Al-Qurthubi juga berkata:

«وَلِذَلِكَ رَاعَى مَالِكٌ الْخِلَافَ، قَالَ: وَتَوَهَّمَ بَعْضُ أَصْحَابِهِ أَنَّهُ يُرَاعِي صُورَةَ الْخِلَافِ، وَهُوَ جَهْلٌ أَوْ عَدَمُ إِنْصَافٍ. وَكَيْفَ هَذَا وَهُوَ لَمْ يُرَاعِ كُلَّ خِلَافٍ وَإِنَّمَا رَاعَى خِلَافًا لِشِدَّةِ قُوَّتِهِ». اهـ

“Karena itulah Malik mempertimbangkan adanya perbedaan pendapat. Sebagian pengikutnya mengira bahwa beliau hanya mempertimbangkan bentuk lahiriah perbedaan, dan itu adalah kebodohan atau kurangnya keadilan. Bagaimana mungkin demikian, padahal beliau tidak mempertimbangkan setiap perbedaan, tetapi hanya mempertimbangkan perbedaan yang kuat dalilnya.” [Selesai.
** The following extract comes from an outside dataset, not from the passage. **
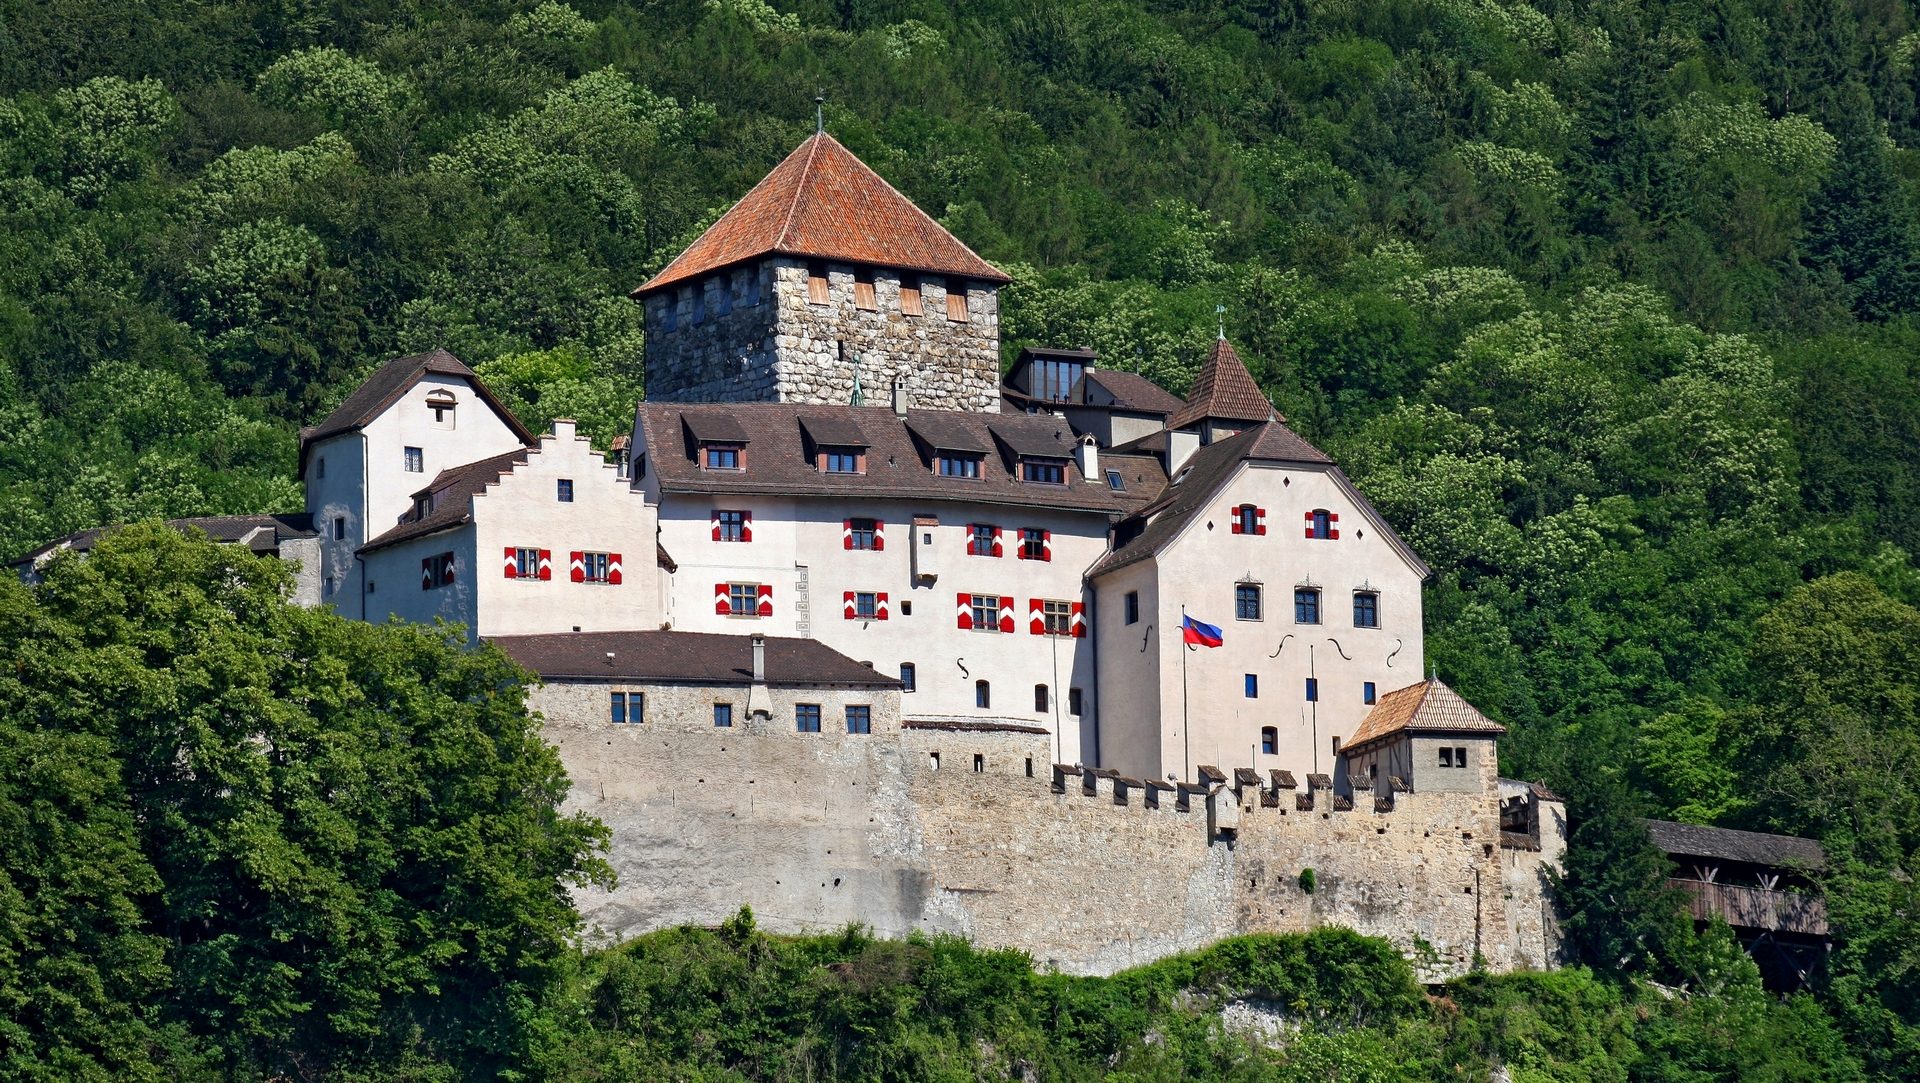 Le château de Vaduz, au Liechtenstein (photo wikimedia commons Presse- und Informationsamt, Vaduz)

Dinukil dari Al-Fatawa al-Fiqhiyyah al-Kubra 4/313].

===***===

PENUTUP

Dari Al-Awza‘i (Tabi’i), dia berkata:

"العِلْمُ مَا جَاءَ عَنْ أصْحَابِ مُحَمَّدٍ، ‌ومَا ‌لَمْ ‌يَجِيء ‌عَنْهُم ‌فَلَيسَ ‌بِعِلْمٍ"

Ilmu adalah apa yang datang dari para sahabat Muhammad , dan apa yang tidak datang dari mereka, maka itu bukan ilmu.

[Lihat "Jami‘ Bayan al-‘Ilm" karya Ibnu ‘Abd al-Barr (1/644), dan "Al-Bidayah wa an-Nihayah" karya Ibnu Katsir (10/117).]

---

Dan dari sahabat Abdullah bin Mas’ud, dia berkata:

«لَا ‌يَزَالُ ‌النَّاسُ ‌بِخَيْرٍ ‌مَا ‌أَتَاهُمُ ‌الْعِلْمُ مِنْ قِبَلِ أَصْحَابِ مُحَمَّدٍ ﷺ، وَأَكَابِرِهِمْ، فَإِذَا أَتَاهُمُ الْعِلْمُ مِنْ قِبَلِ أَصَاغِرِهِمْ، فَذَلِكَ حِينَ هَلَكُوا»

“Manusia akan tetap dalam kebaikan selama ilmu datang kepada mereka dari sahabat-sahabat Muhammad dan para senior (kibaar) mereka. Namun, apabila ilmu datang dari para junior (shigoor) di antara mereka, maka saat itulah mereka binasa.”

Diriwayatkan oleh Mu‘ammar dalam “Jami‘” (20446), dan Ath-Thabrani dalam “Al-Kabir” (9/120), dan disebutkan oleh Al-Haitsami dalam “Al-Majma‘” (1/135), beliau mengatakan:

رِجَالُهُ مُوثُوقُونَ

“Para perawinya dapat dipercaya”.

Dan Al-Albani berkata dalam As-Silsilah Ash-Shahihah (2/310): “Sanadnya sahih.”